In [1]:
%config IPCompleter.greedy=True

### Load csv

In [10]:
file = 'ionesoft_tickets.csv'
encoding = 'ansi'
sep = ','

In [11]:
import pandas as pd

extract = 'ionesoft_tickets_corrected_grammar.csv'
names=['ticket', 'type', 'client', 'issuer', 'inquiry', 'answer']

corpus = pd.read_csv(file, sep=sep, encoding=encoding, names=names, skiprows=[0])
corpus.head()

Unnamed: 0,ticket,type,client,issuer,inquiry,answer
0,2019031000000000.0,Fehler in der App,SVBA,3,ich kann die bilder in übungen nicht bearbeite...,Fehlerbericht senden
1,2019030000000000.0,Fehler in der App,FOMA,3,lückentexte weg daten verloren gegangen von pp...,Fehlerbericht senden
2,2019023000000000.0,Anmeldung / Aktivierung,AGVS,3,bitte deaktivieren sie dieses gerät. vielen dank.,"Gerät entfernt, neu starten"
3,2019023000000000.0,Geräteanzahl überschritten,BEOOK,3,ich habe einen neuen laptop und möchte den alt...,"Gerät entfernt, neu starten"
4,2019023000000000.0,Geräteanzahl überschritten,BEOOK,3,offenbar habe ich die geräteanzahl überschritt...,"Gerät entfernt, neu starten"


### Pickle dump column as flatmap

In [14]:
out = 'inquiries.p'
col = 'inquiry'

In [22]:
import pickle

column = corpus[col].values.flatten().tolist()
pickle.dump(column, open(out, 'wb'))

### Default NLP Pipeline
1. Normalisation
1. Tokenisation
1. Remove stop words
1. Stemming / Lemming
1. TF-IDF

#### 1. Normalization

In [63]:
import re
import numpy as np

def normalize_document(doc):
    double_spaces = r' +'
    not_in_swiss_alphabet = r'[^\u00C0-\u017Fa-zA-Z\s]'
    
    doc = re.sub(not_in_swiss_alphabet, ' ', doc, re.I | re.A)
    doc = re.sub(double_spaces, ' ', doc, re.I | re.A)
    
    doc = doc.lower()
    return doc.strip()

normalize = np.vectorize(normalize_document)

#### test normalization

In [158]:
test = [
    'lückentexte acht aber weg daten tester/terterin tester/-in verloren gegangen',
    'äöü!#@éàè'
]

test = normalize(test)
print(test)

['lückentexte acht aber weg daten tester terterin tester in verloren gegangen'
 'äöü éàè']


#### 2. Tokenization

In [159]:
def tokenize_doc(doc):
    return [sent.split(' ') for sent in doc]

#### test tokenization

In [160]:
tokens = tokenize_doc(test)
print(tokens)

[['lückentexte', 'acht', 'aber', 'weg', 'daten', 'tester', 'terterin', 'tester', 'in', 'verloren', 'gegangen'], ['äöü', 'éàè']]

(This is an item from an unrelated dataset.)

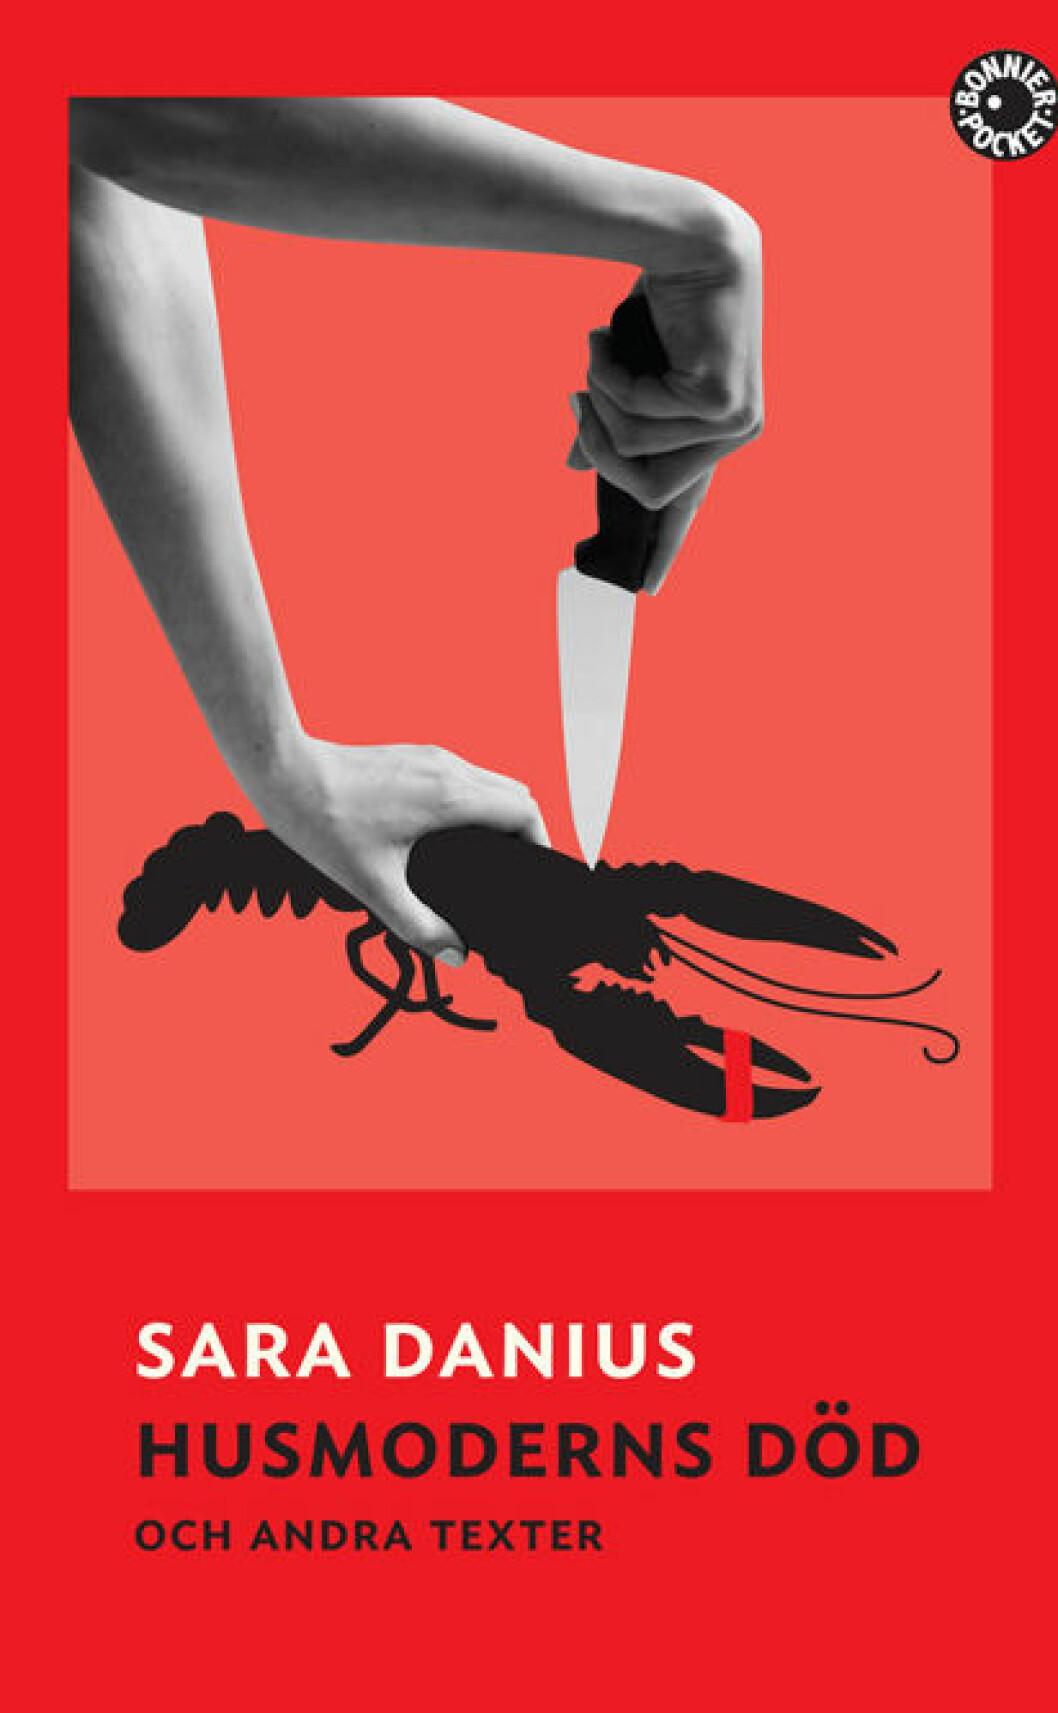 Husmoderns död av Sara Danius

#### 3.  Remove stop words

In [181]:
def remove_stopwords(tokens, stop_words):
    return [token for token in tokens if token not in stop_words]

def remove_stopwords_doc(token_doc, stop_words):
    return list(map(lambda l: remove_stopwords(l, stop_words), token_doc))

#### test stop word removal

In [182]:
stop_words = pickle.load(open('./res/custom_ch_stopwords.p', 'rb'))

clean = remove_stopwords_doc(tokens, stop_words)
print(clean)

[['lückentexte', 'daten', 'tester', 'terterin', 'tester', 'verloren', 'gegangen'], ['äöü', 'éàè']]


#### 4. stemming / lemming

In [183]:
from nltk.stem.snowball import SnowballStemmer

def stemm(tokens, stemmer):
    return [stemmer.stem(token) for token in tokens]
    
def stemm_doc(token_doc, stemmer):
    return list(map(lambda l: stemm(l, stemmer), token_doc))

#### test stemming

In [184]:
snowball = SnowballStemmer('german', ignore_stopwords=True)
stemmed = stemm_doc(clean, snowball)
print(stemmed)

[['luckentext', 'dat', 'test', 'terterin', 'test', 'verlor', 'gegang'], ['aou', 'éàè']]